Still, Boom’s acknowledging this in a flashy presentation showcases how even “sexy” startups that appeal to Silicon Valley types are now far less embarrassed to publicize their ties to the defense industry.
In recent times, the increase in Pentagon budgets and the maturity of the tech sector have driven giants like Amazon.com, Google and Oracle to bid hard for defense contracts, and given way to a crop of younger players that directly serve this market, such as Palantir, Anduril and drone maker Shield AI. Set against this, however, a renewed focus in the investment industry on environmental, social and governance factors—collectively known as ESG—has diverted money away from military contractors.
Russia’s invasion of Ukraine earlier this year seems to have laid any supposedly ethical concerns to rest at supersonic speed. Raytheon Technologies Chief Executive Greg Hayes argues that defense companies are defending democracy, and this is certainly the new narrative.
“Two years ago many of the European money funds wouldn’t touch Raytheon,” Mr. Hayes said in an interview. “All of the sudden, we’ve become investible from an ESG perspective because of our mission.”
Many Scandinavian investment companies, including SEB, have disclosed their change of heart. There are even serious lobbying attempts to push the European Union to include defense companies in its new standardized ESG taxonomy. Military stocks are up 8% this year, compared with a 16% fall for the S&P 500.
One big takeaway is that ESG talk is all but meaningless, and should be discarded in favor of stand-alone “E” metrics—the only ones that can be objectively measured without recourse to the political views du jour.

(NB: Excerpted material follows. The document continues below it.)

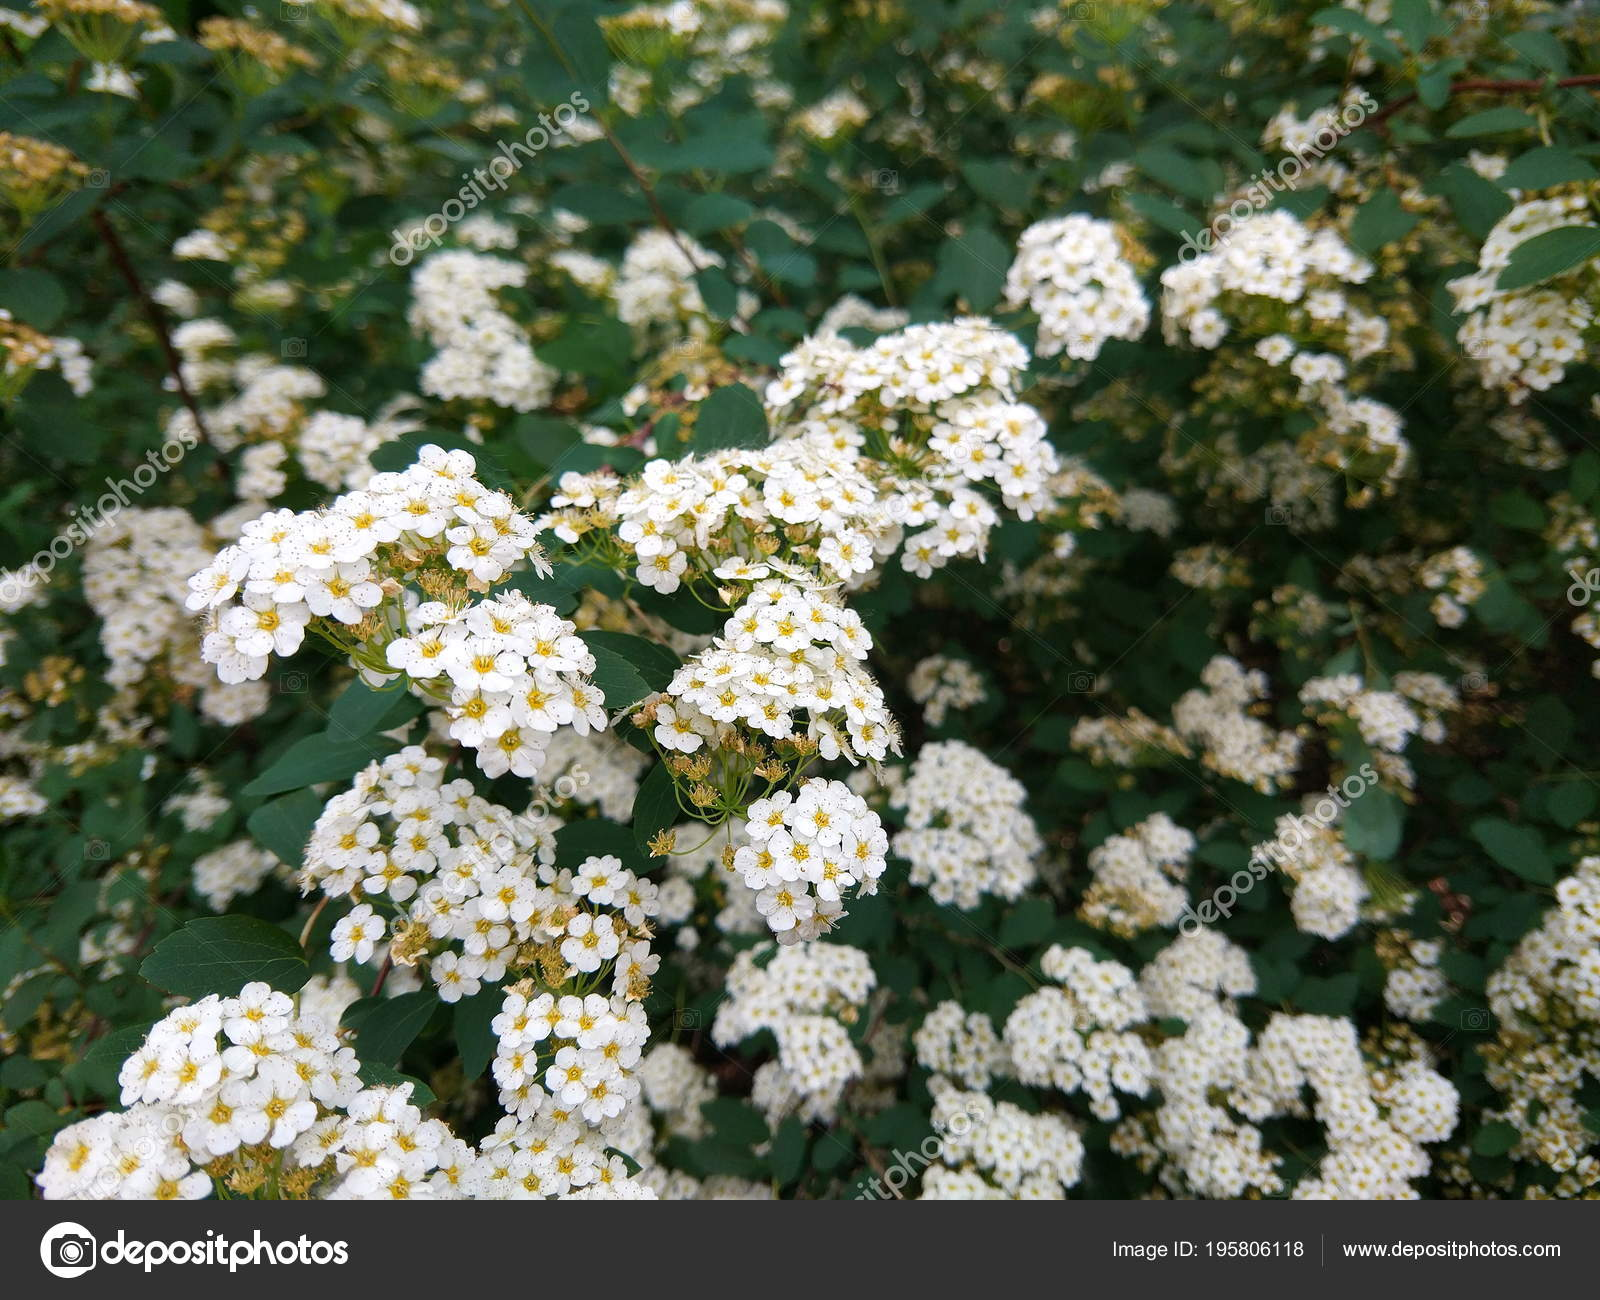 Rosa Multiflora Flowers Garden Small White Flowers Bushes Botanical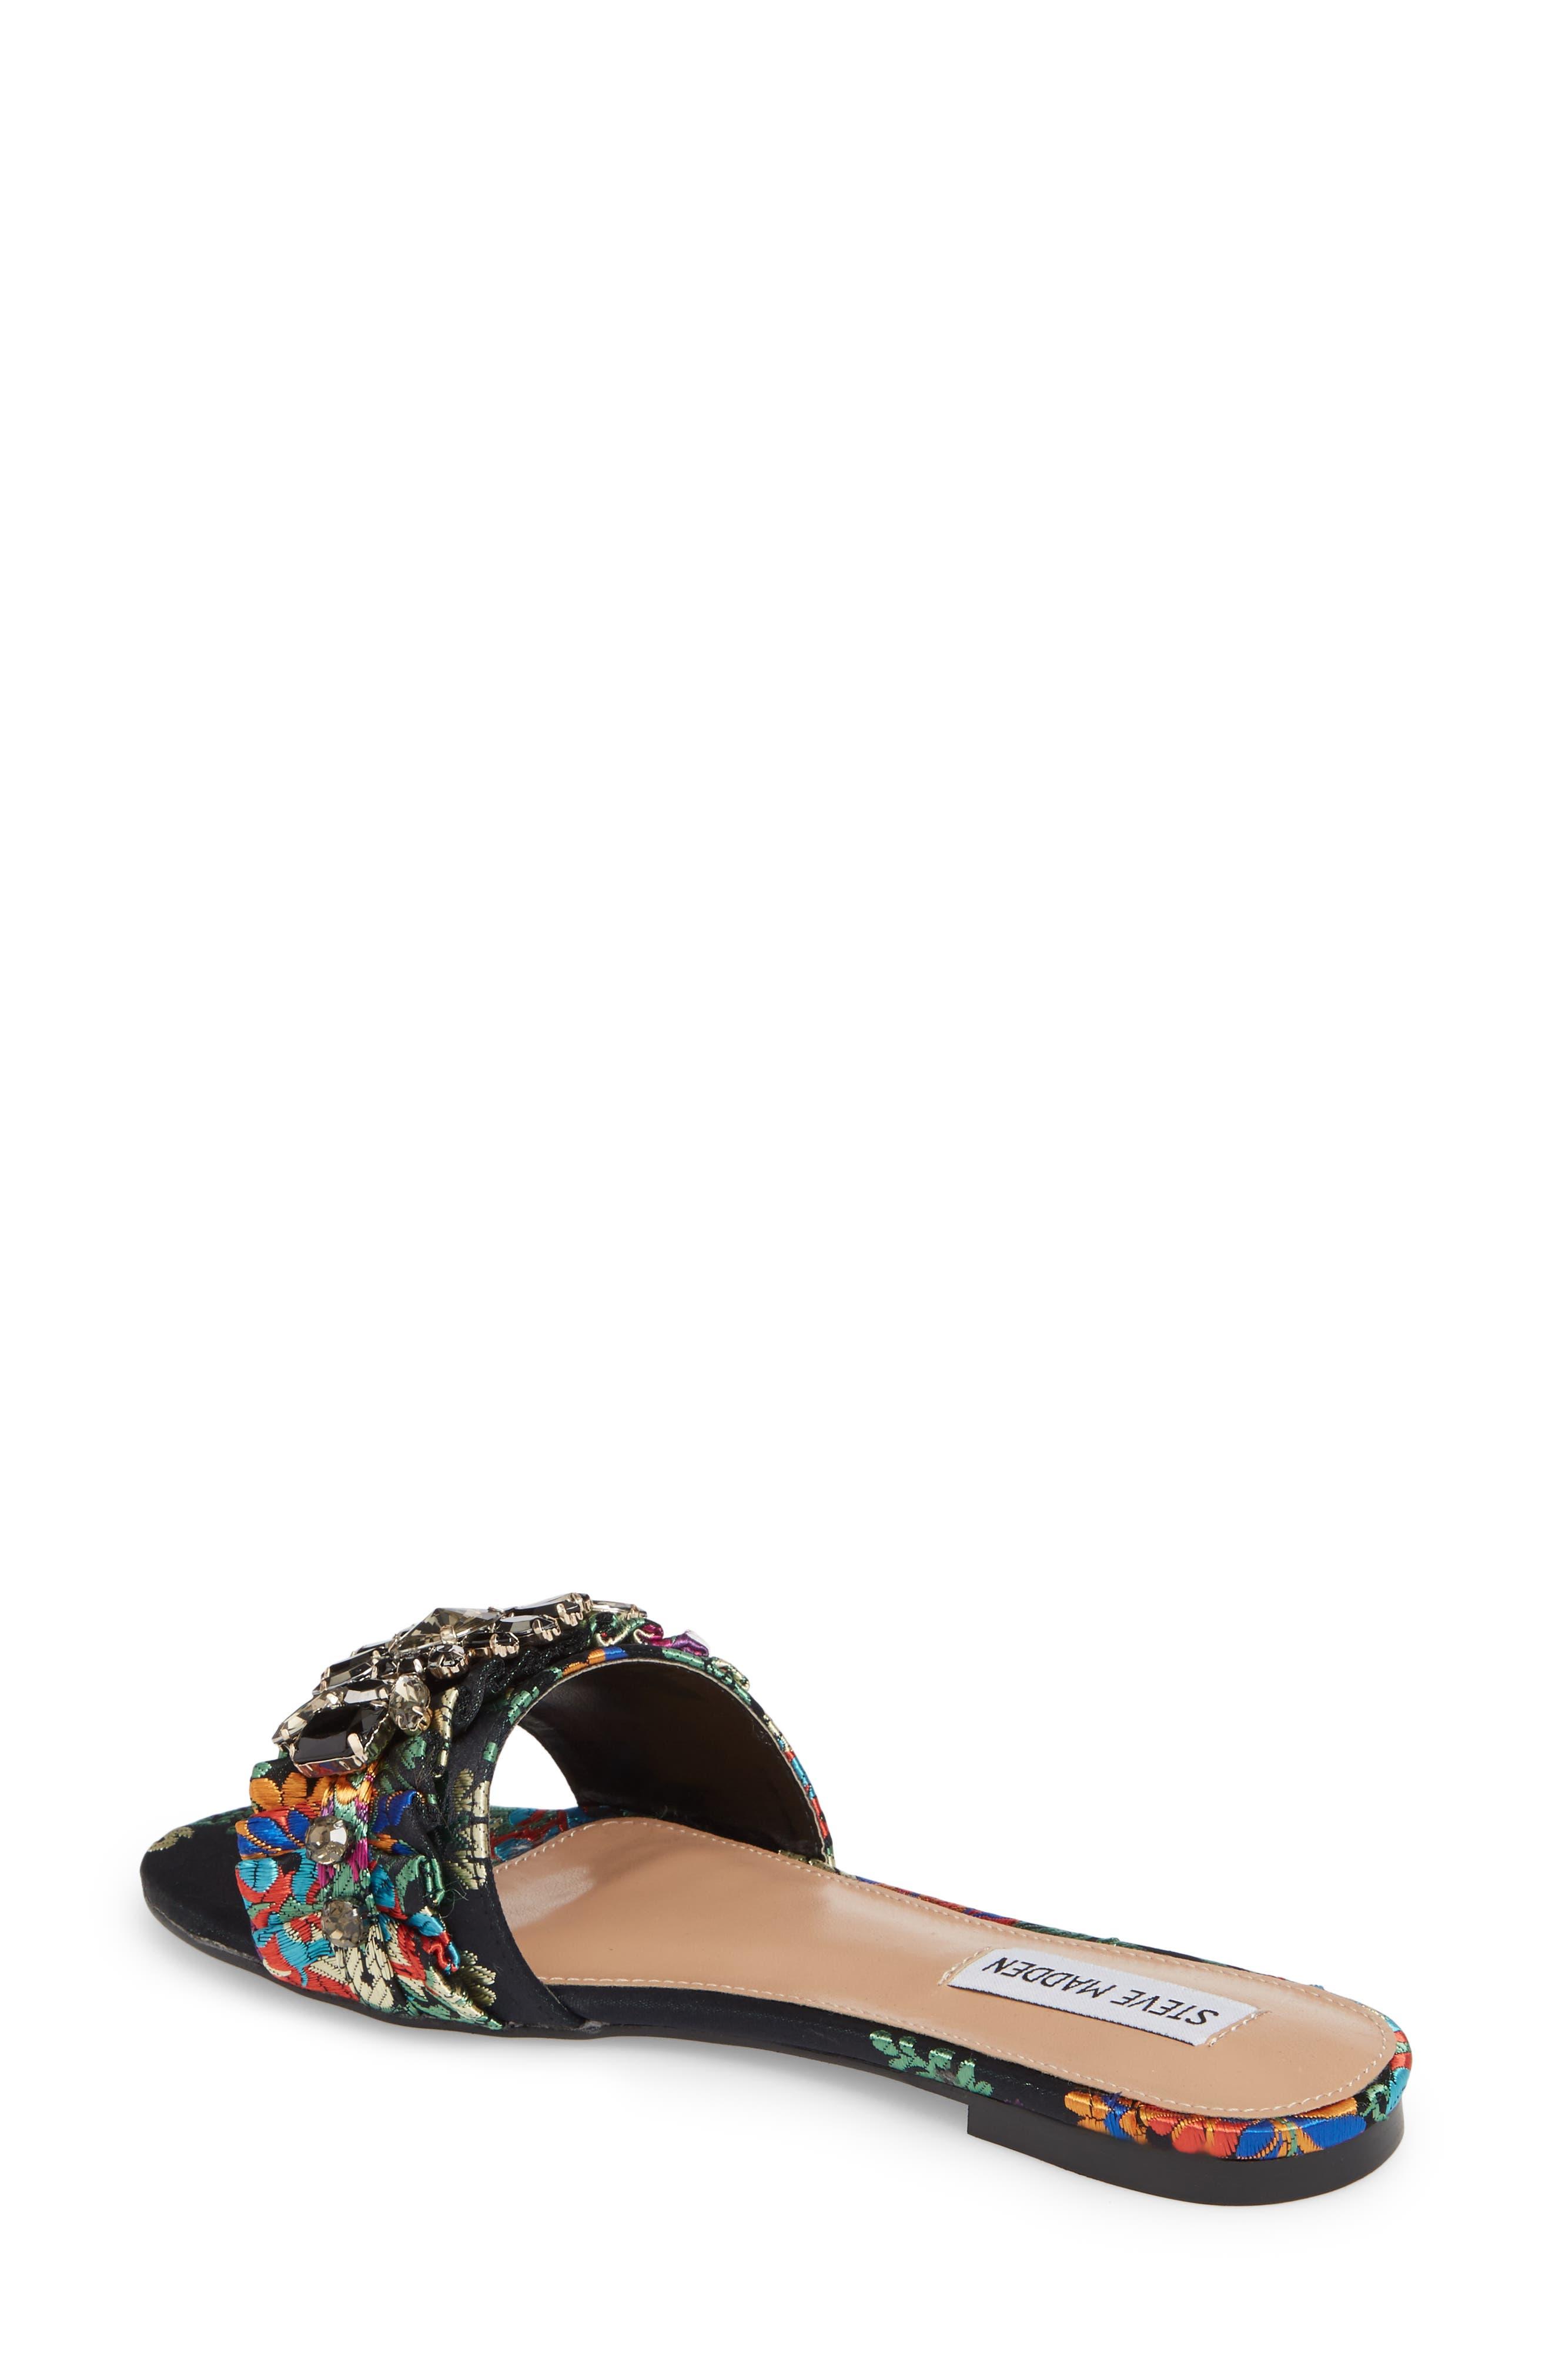 Pomona Crystal Embellished Slide Sandal,                             Alternate thumbnail 2, color,                             Black Multi

The other is that, amid rising geopolitical tensions, some of the moonshots now spurned by public markets could find solace in military funding. These include small-satellite launchers like Rocket Lab and Virgin Orbit, which are just starting to take advantage of Washington’s interest in “responsive” launches and hypersonic weapons, as well as air-taxi manufacturers such as Joby Aviation,
which are working on military applications but have de-emphasized them in favor of ill-defined passenger demand.In a turbulent market, nothing brings certainty like money from the Pentagon.